# Load dependencies

In [259]:
import pandas as pd
import numpy as np
import pickle
from sklearn.model_selection import train_test_split
from sklearn.compose import make_column_selector as selector
from sklearn.compose import ColumnTransformer
from sklearn.preprocessing import StandardScaler
from sklearn.preprocessing import OneHotEncoder 
from matplotlib import pyplot as plt
from sklearn.tree import DecisionTreeClassifier
import pandas as pd
import numpy as np

from sklearn.datasets import load_boston
from sklearn.datasets import load_iris

from sklearn.model_selection import cross_val_score
from sklearn.model_selection import cross_val_predict

from sklearn.model_selection import train_test_split

from sklearn.linear_model import LinearRegression
from sklearn.neighbors import KNeighborsRegressor
from sklearn.tree import DecisionTreeClassifier
from sklearn.tree import DecisionTreeRegressor
import warnings
warnings.filterwarnings('ignore')
from imblearn.over_sampling import SMOTE	#create smote object
from imblearn.under_sampling import TomekLinks
from sklearn.metrics import plot_confusion_matrix
from sklearn.tree import plot_tree

# Load file

In [102]:
churnData=pd.read_csv(r'Data/DATA_Customer-Churn.csv')

# User defined functions

In [280]:
def d_nan_to_mean(dataframe,columns):
    integers_with_nan=columns
    df=dataframe.copy()
    #Loop through all columns in list, for each get the mean and fillna with mean
    for j in integers_with_nan:
        temp_mean=np.mean(df[j])
        df[j]=df[j].fillna(temp_mean)
    
    return df
churnData_cleaned=d_nan_to_mean(churnData,["TotalCharges"])

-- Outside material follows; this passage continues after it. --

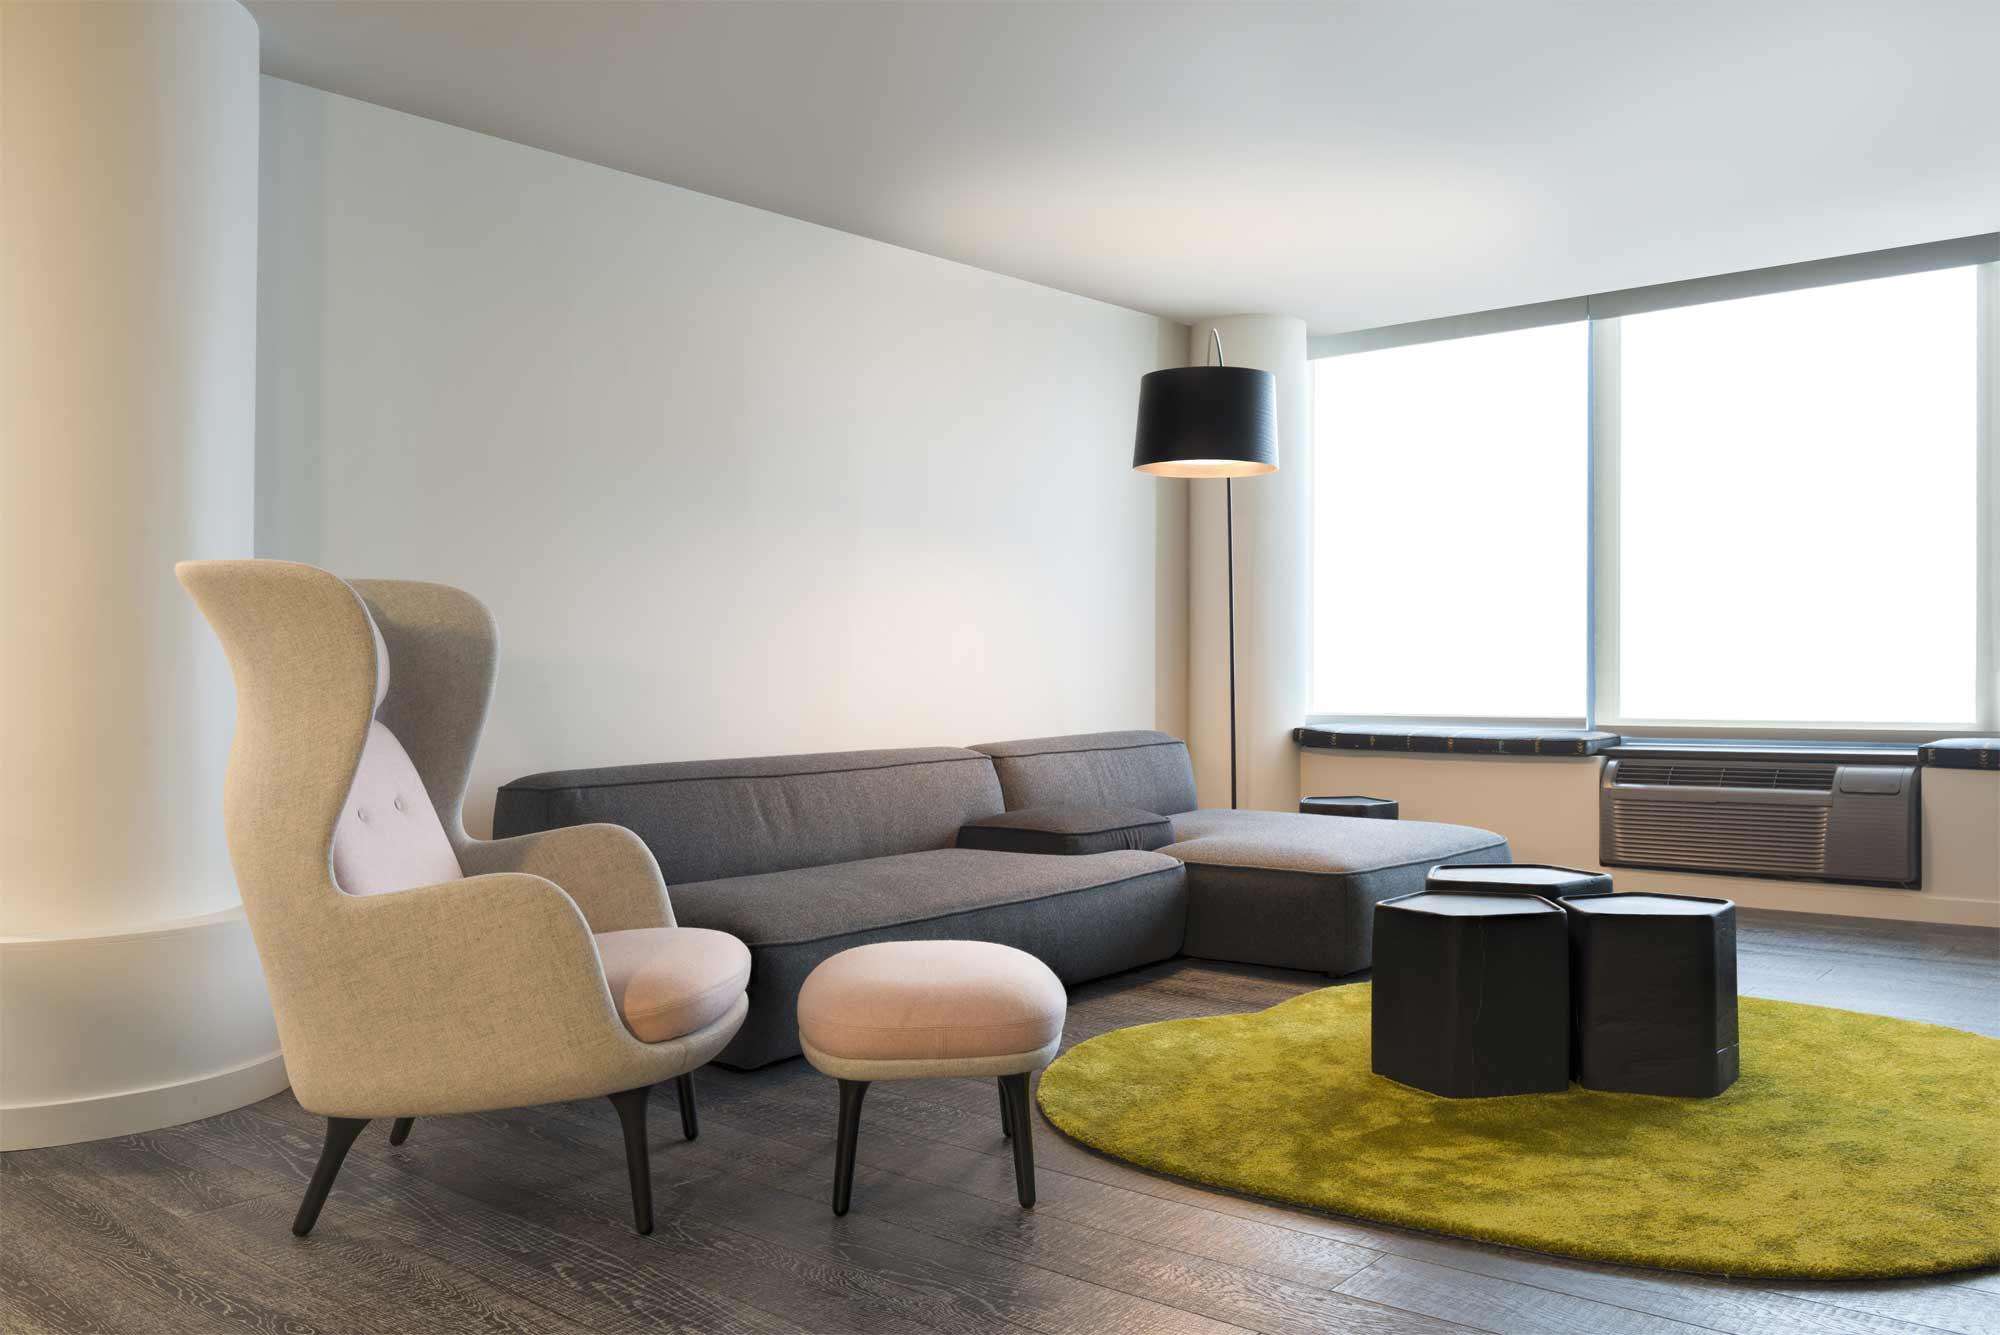 foscarini twiggy stehlampe halogena carmes 159003 67. Black Bedroom Furniture Sets. Home Design Ideas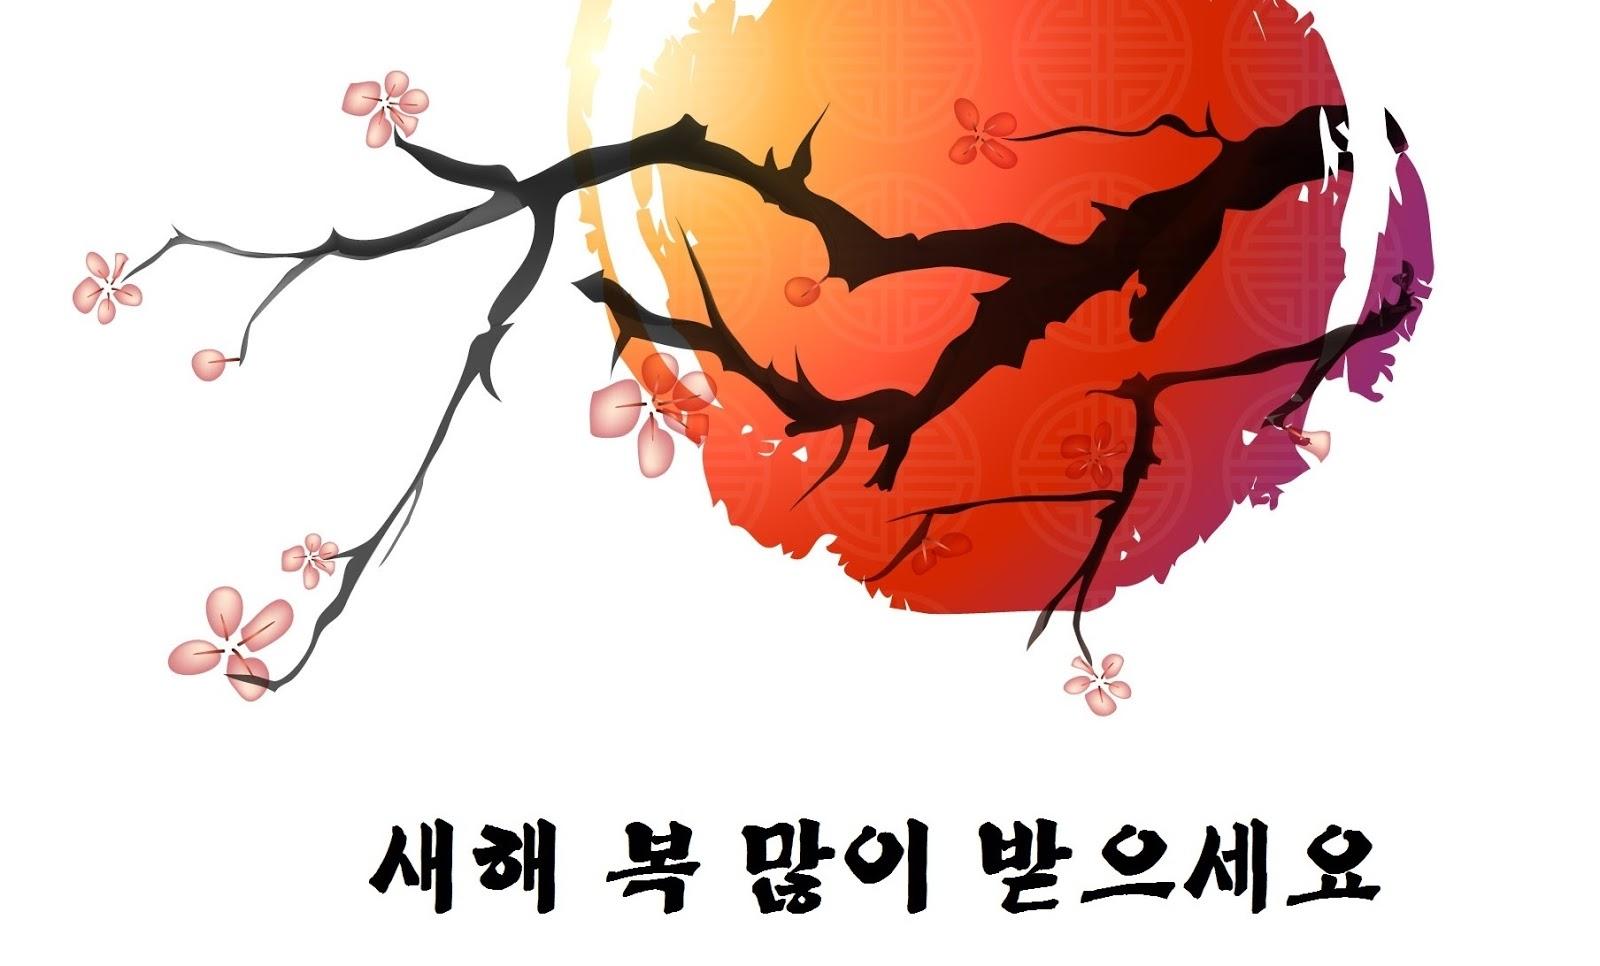 Seollal korean new year what does seollal means to koreans seollal korean new year what does seollal means to koreans kristyandbryce Images

def ca_prep_xy(dataframe,y_name,size_val=.3):
    
    #Prep X-Y Split
    y=dataframe[y_name]
    x=dataframe.drop(labels=y_name,axis=1)

    #Create train-test data using 'size_val' percent of test data
    x_train,x_test,y_train,y_test = train_test_split(x,y,test_size=size_val,random_state=123)

    #Create transformer to normalize data
    numerical_columns_selector = selector(dtype_exclude=object)
    categorical_columns_selector = selector(dtype_include=object)

    numerical_columns = numerical_columns_selector(x_train)
    categorical_columns = categorical_columns_selector(x_train)

    categorical_preprocessor = OneHotEncoder(drop='first',handle_unknown="ignore")
    numerical_preprocessor = StandardScaler()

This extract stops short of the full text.